“Race, Class & the Future of Democracy”

(Panelists Carol Anderson, Jose Cruz, Juan Gonzalez, Adrian Nicole LeBlanc; moderator Gilbert King)

“Make America Great Again” — and when was it great before? When blacks and other minorities were repressed. That’s the slogan’s subtext. Trump’s announcement speech, calling Mexicans “rapists” and so forth, set the tone — of stopping the “brown tide.” But he cannot. Trumpism is really that mindset’s “last gasp.”

In 1896, Plessy v. Ferguson legalized Jim Crow. But Justice Harlan — a Kentuckian who had once supported slavery! — dissented, calling the constitution color-blind. His grandson joined in the unanimous 1954 Brown v. Board decision, overturning Plessy. That sparked a big backlash of southern resistance and the disappearance of moderates. But it also gave rise to the civil rights movement.
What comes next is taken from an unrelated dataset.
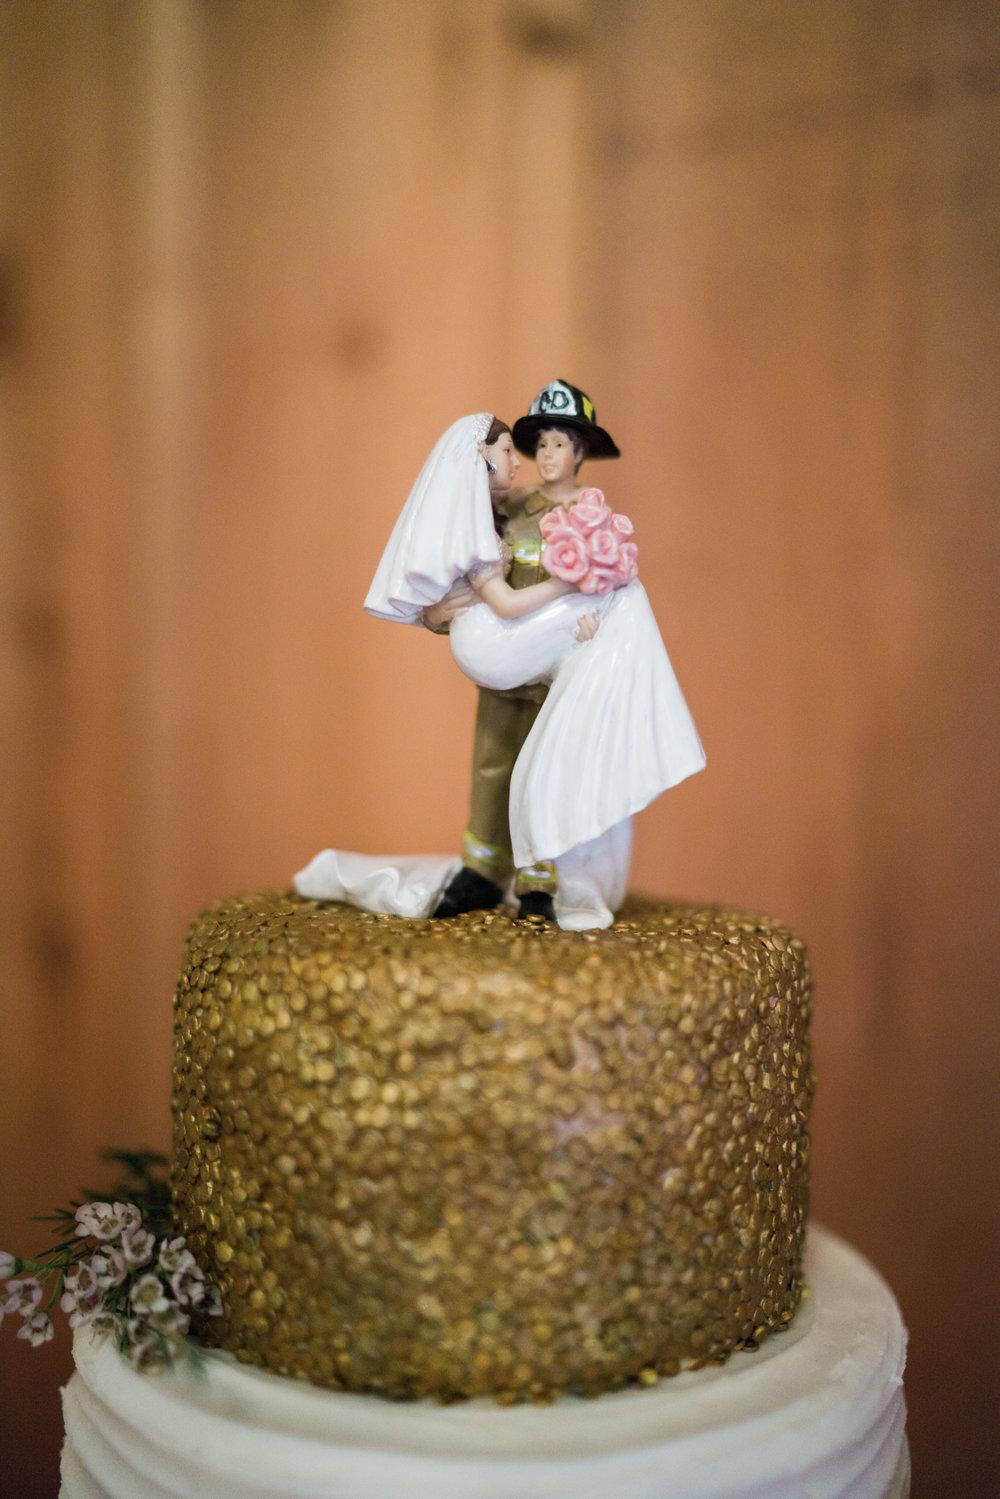 cake topper - fireman bride

The 2008 election drew 15 million new voters who believed they had a stake in this democracy. Most voted for Obama. But his election provoked another white backlash, which indeed Trump has empowered. And he’s delivering the goods to those supporters — like “throwing chum to sharks.”
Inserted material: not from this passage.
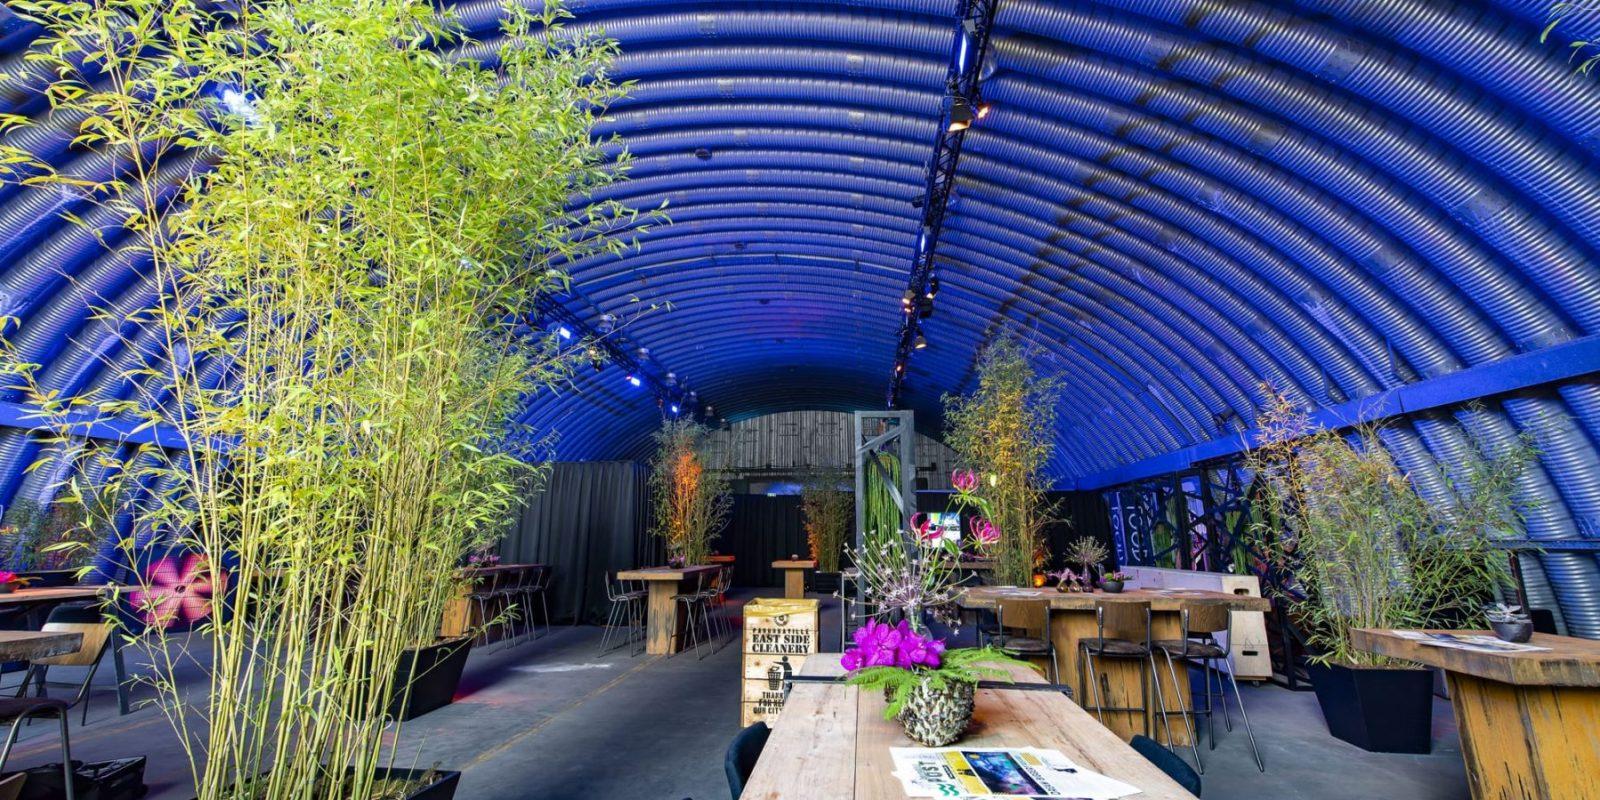 Bas de Boer - Eventstyling Parookaville Festival 2019 : Artistvillage : Backstage : Hangar : Mietmöbel : eventpalnung : eventmanagement : eventdekoration www.basdeboer-eventstyling.de - 092

This includes policy reversals like militarization of police; backtracking on post-Ferguson initiatives; attacking affirmative action; and reigniting the drug war. Previous drug epidemics (heroin, crack) affected mainly minority communities, so the drug war really amounted to a war on those communities. However, today’s opioid crisis is largely white, so the response is different — many people (though not Jeff Sessions) realize that the drug war and criminalization approach is not the right one.

Anderson said the white working class must understand that their interest is not in whiteness but in having a better society overall. Gonzalez meantime suggested that today’s young people are not carrying the ethnic baggage of prior generations.